De leden van de SP-fractie vragen wat de rol is van de overige richtlijnen zoals REACH, de Nitraatrichtlijn en het GBL en hoe zich dit tot elkaar verhoudt. Hierbij wijzen deze leden op de problemen rondom chemische en opkomende stoffen. Hoe wordt deze problematiek door de evaluatie opgepakt? Deze leden vragen ook hoe nieuwere problemen in de (eventuele) herziening van de Kaderrichtlijn worden meegenomen, zoals klimaatverandering en de invloed van extremer weer op de waterkwaliteit, opkomende stoffen en microplastics.

Green Deal

De leden van de VVD-fractie lezen over een strategie voor duurzame en slimme mobiliteit.

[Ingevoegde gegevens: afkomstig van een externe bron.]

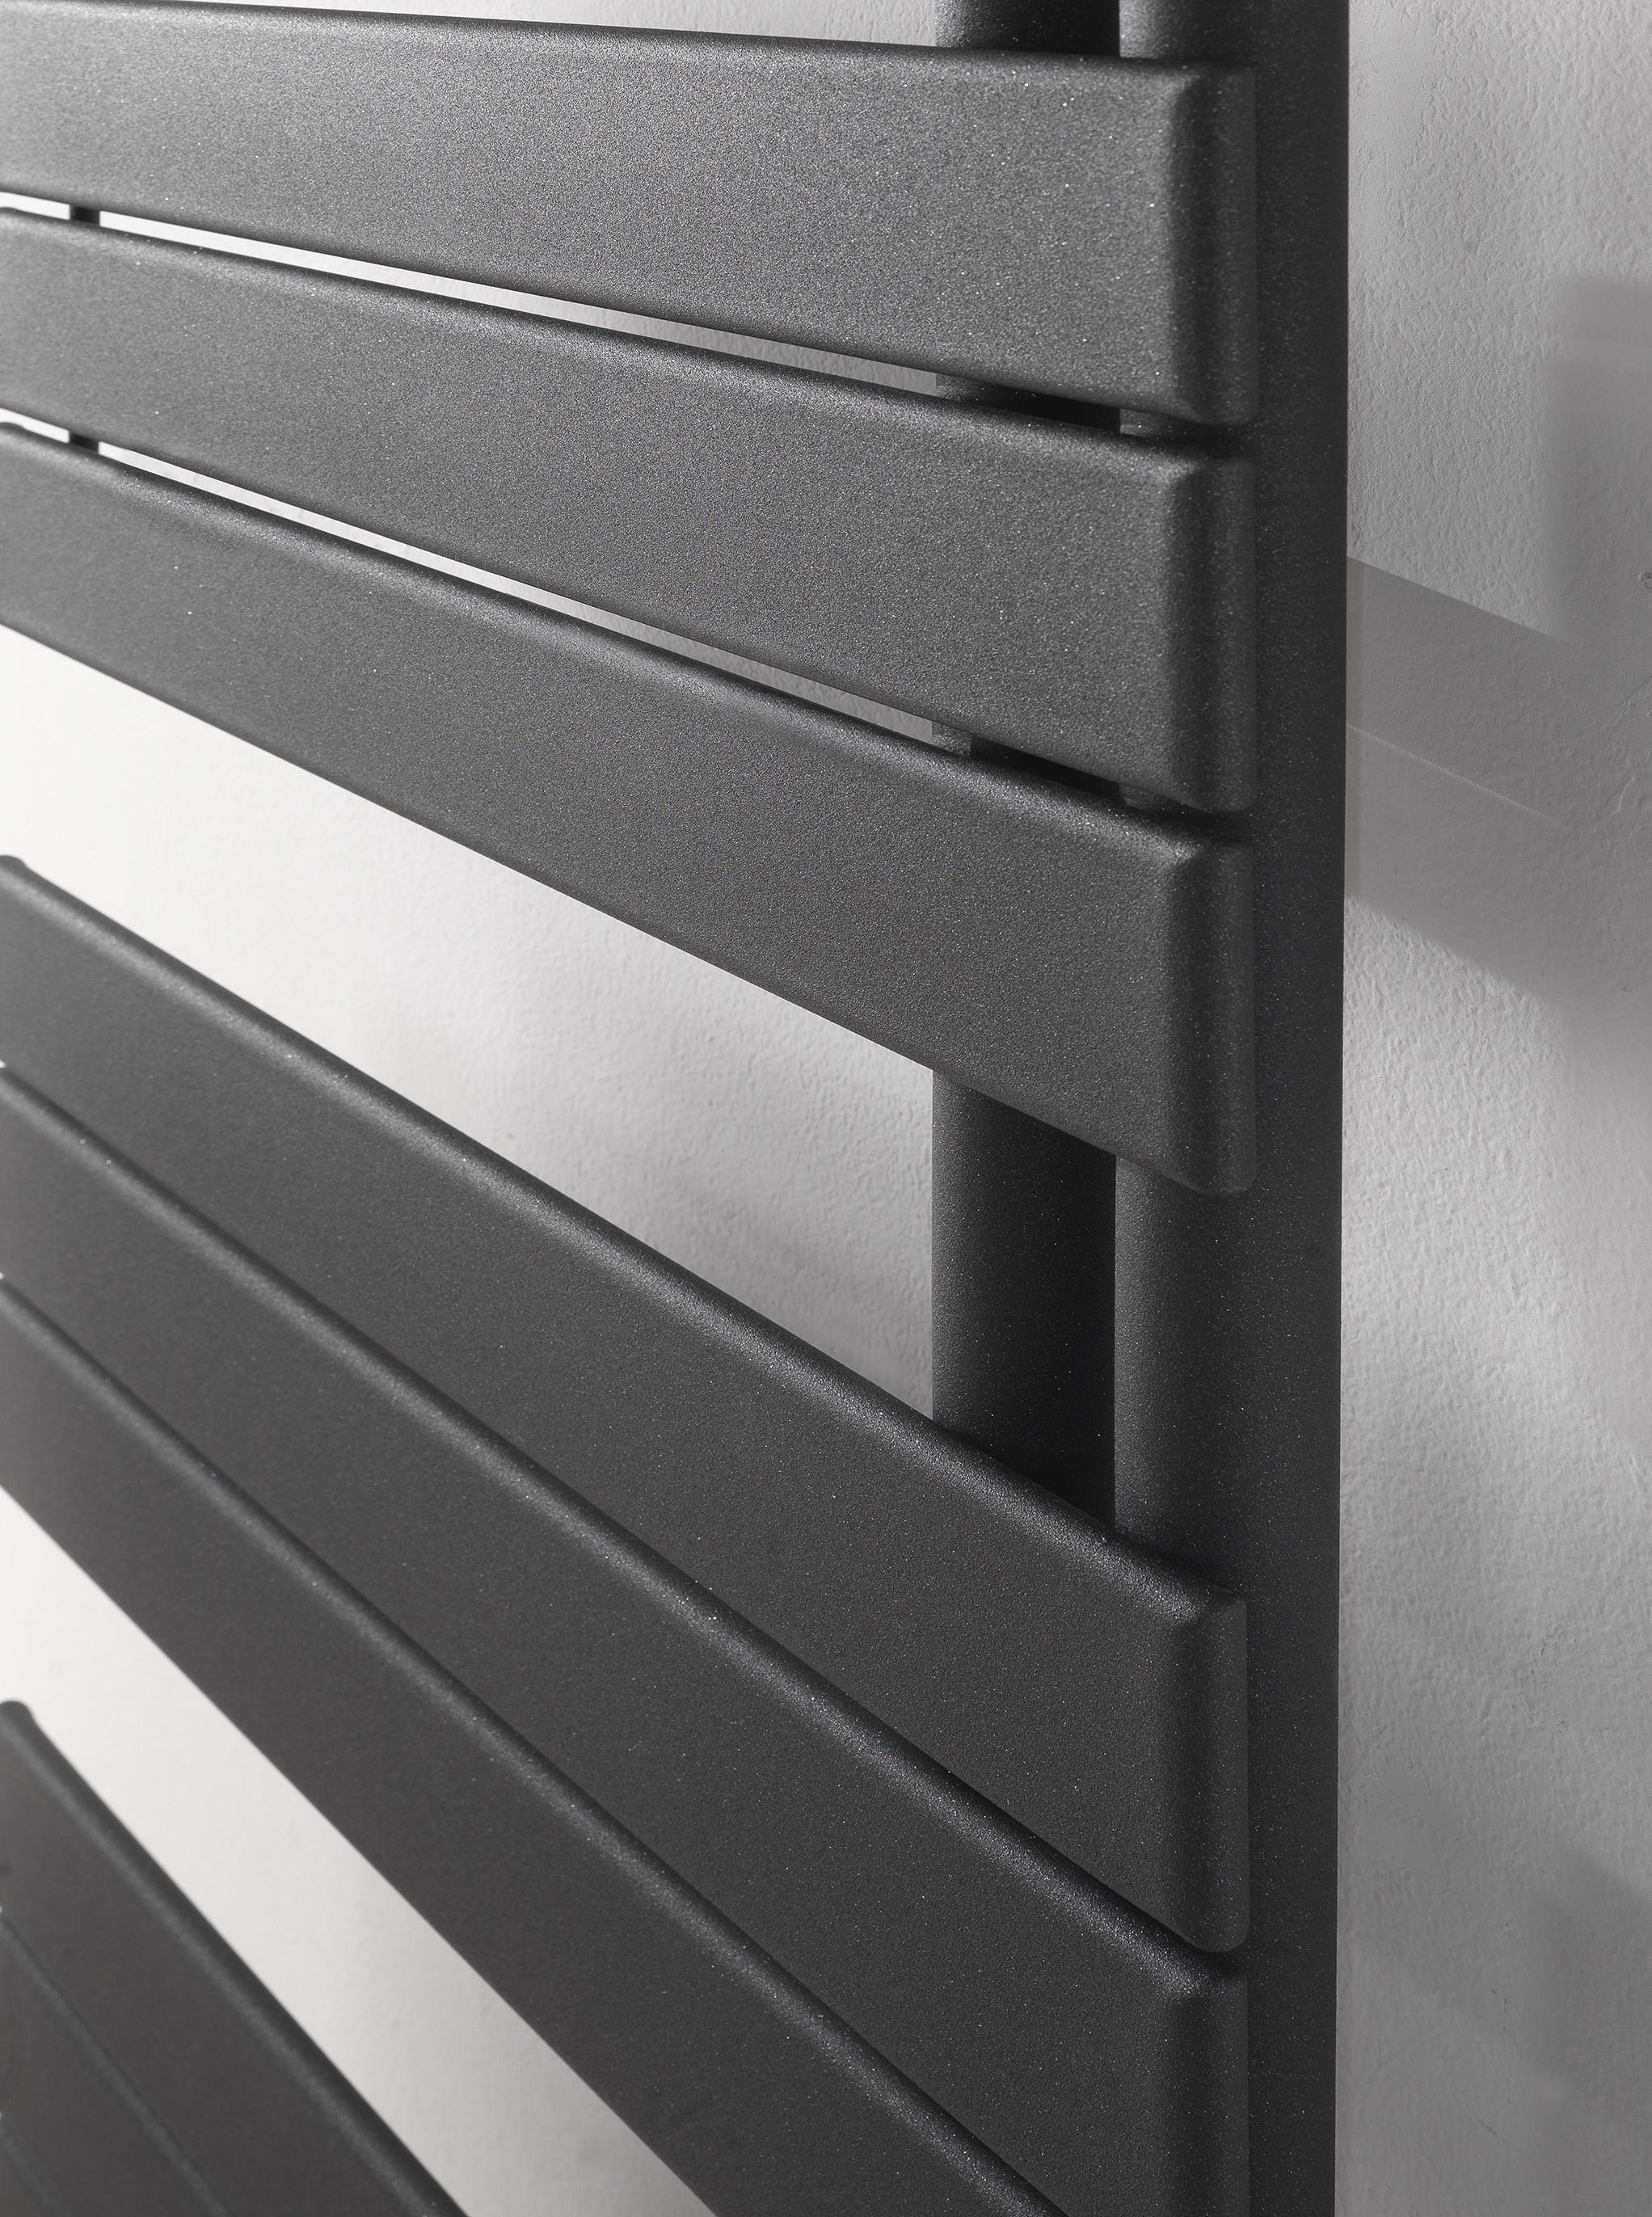 flag radiateurs de deltacalor architonic. Black Bedroom Furniture Sets. Home Design Ideas

Deze leden zijn het eens met de positieve beoordeling van de Ministers met betrekking tot het elektrificeren van grondoperaties op luchthavens. Tevens delen deze leden de beoordeling dat het gebrek aan aandacht voor disruptieve innovatie, zoals elektrisch vliegen, als een gemis wordt gezien. Wordt hier alsnog aandacht voor gevraagd tijdens de Milieuraad?

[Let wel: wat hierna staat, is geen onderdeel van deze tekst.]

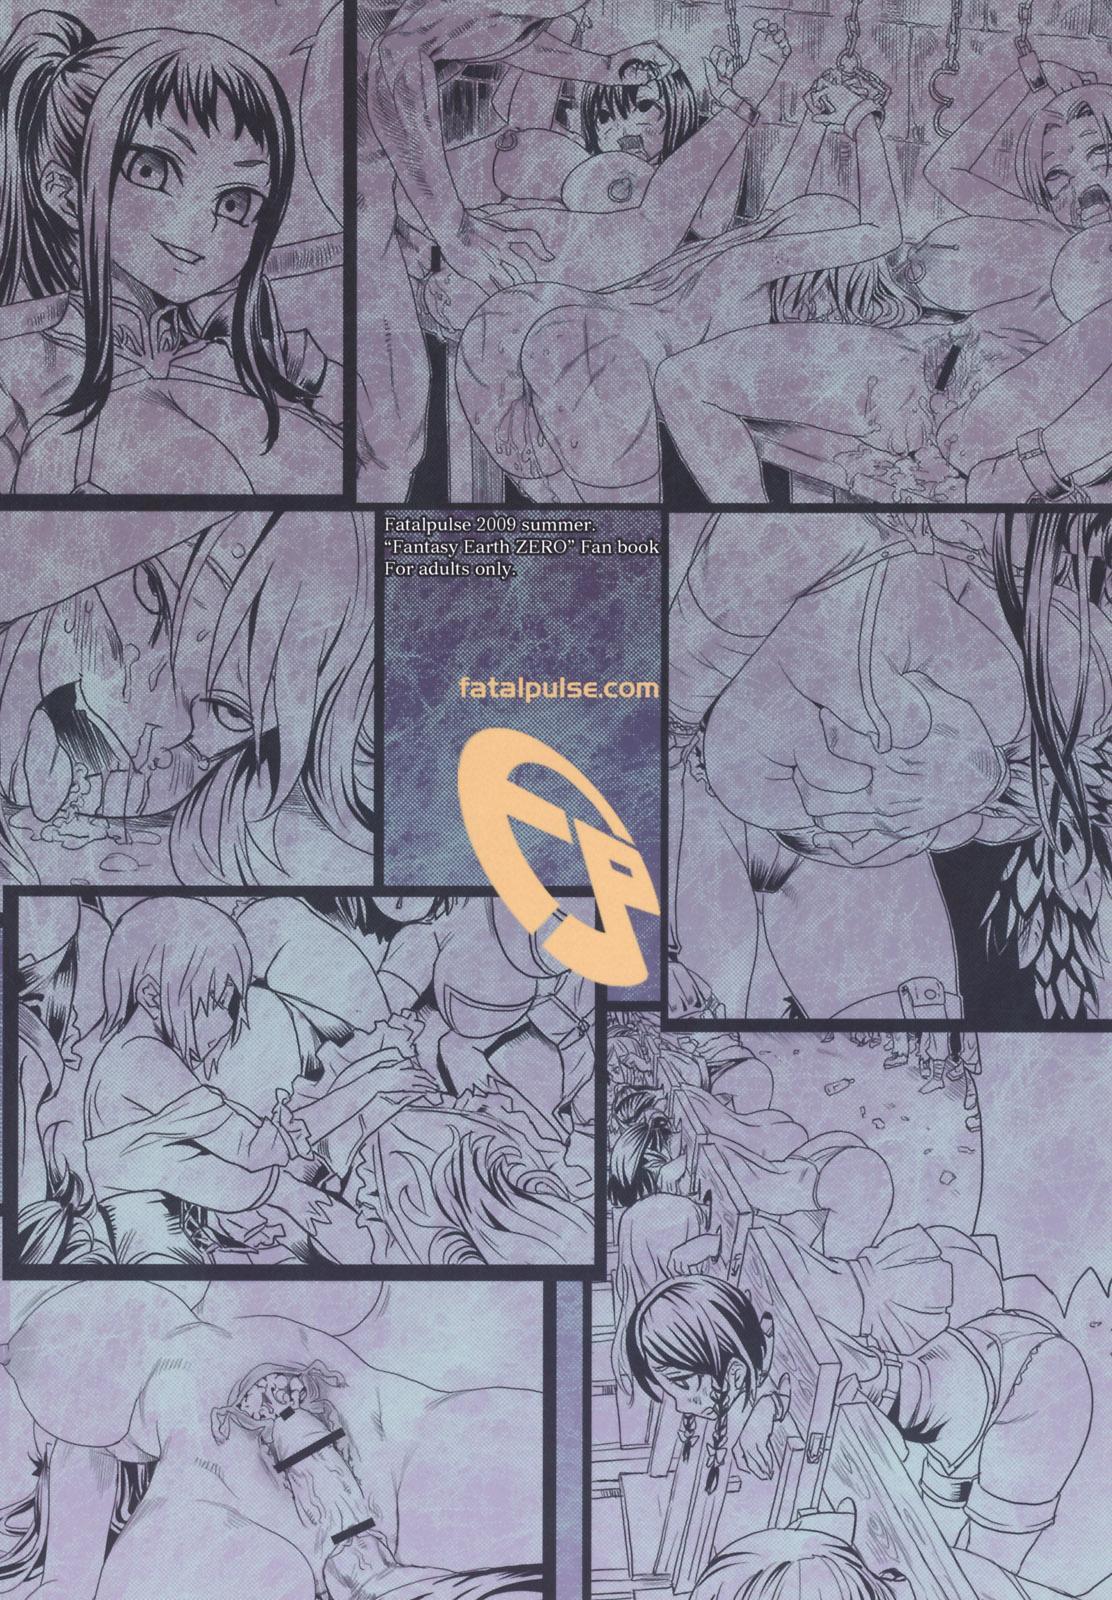 (C76) [Fatalpulse (Asanagi)] Victim Girls 7 - Jaku Niku Kyoushoku Dog-eat-Bitch (Fantasy Earth Zero) [English] [desudesu] 41

De leden van de VVD-fractie lezen over een Europese standaard voor veilig, voedzaam en een hoge kwaliteit voedsel. Wat is deze Europese standaard? Voldoen alle lidstaten van de Europese Unie (EU) aan deze standaard? Zo nee, welke landen nog niet en waarom niet? Kunnen de Ministers toelichten welke verschillen er in de Nederlandse en Europese standaarden zijn met betrekking tot milieu-, dierenwelzijns- en voedselstandaarden? Kunnen de Ministers dit toelichten voor dierlijke producten, plantaardige producten en een tweetal andere categorieën?

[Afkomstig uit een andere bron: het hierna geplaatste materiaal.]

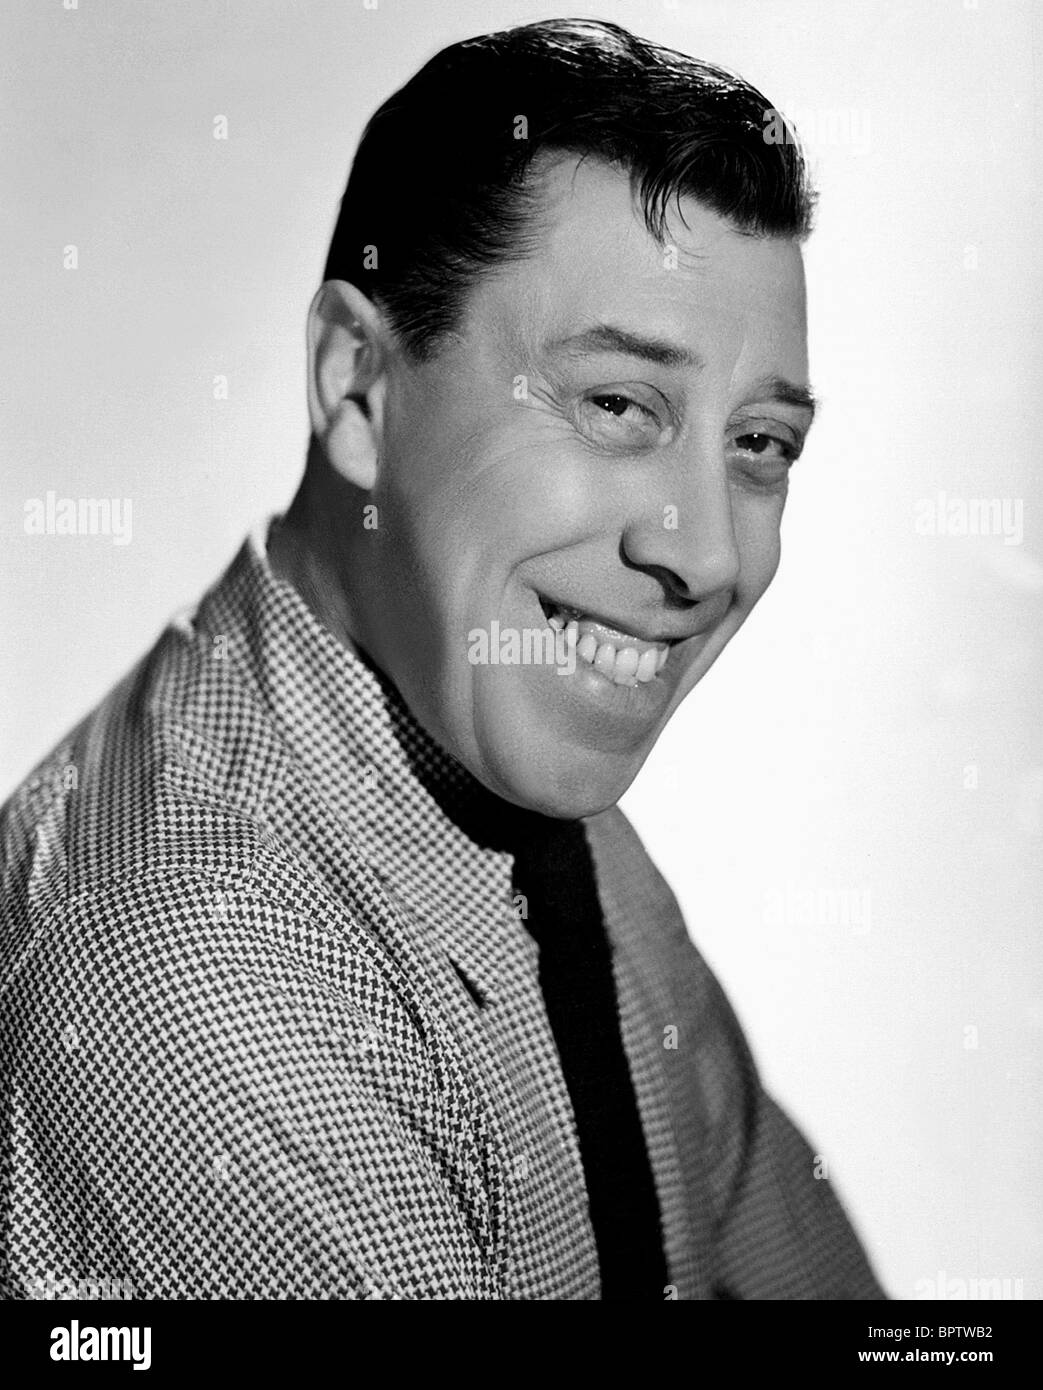 SCHAUSPIELER FERNANDEL (1955) Stockbild

De leden van de VVD-fractie vragen naar de controle door de EU op ingevoerde levensmiddelen. Deze leden lezen dat levensmiddelen die niet voldoen aan de Europese milieunormen niet worden toegelaten tot de EU. Op welke manier vindt deze controle plaats, wat zijn precies de relevante EU-milieunormen en vinden deze controles in alle landen even secuur en adequaat plaats? Zo ja, op welke manier wordt dat gecontroleerd? Kunnen de Ministers verklaren waarom er producten op de Nederlandse en Europese markt beschikbaar zijn, die met pesticiden behandeld zijn die in Nederland en Europa al lang zijn verboden? Deze leden krijgen signalen dat bijvoorbeeld de douanecontrole op levensmiddelen in andere EU-landen minder secuur plaatsvindt dan in Nederland. Zie hiervoor ook de vragen van het lid Lodders1. Kunnen de Ministers hier een toelichting op geven? Delen de Ministers de mening dat, voor het waarborgen van eenzelfde levensmiddelenkwaliteitstandaard, het cruciaal is dat in alle EU-landen de controle er hetzelfde uitziet? Zo nee, waarom niet? Zo ja, dan ontvangen deze leden graag een toelichting op hoe de Ministers dit gelijke speelveld in Europees verband gaan verwezenlijken, ook met het oog op de Nederlandse voedselkwaliteitsstandaarden.

De leden van de VVD-fractie lezen dat de Ministers streven naar meer consumenteninformatie op voedsel. Deze leden vragen hoe de Ministers dit gaan verwezenlijken? Een uitgebreidere informatievoorziening brengt meer kosten met zich mee. Wie in de voedselketen gaat dit extra bedrag betalen?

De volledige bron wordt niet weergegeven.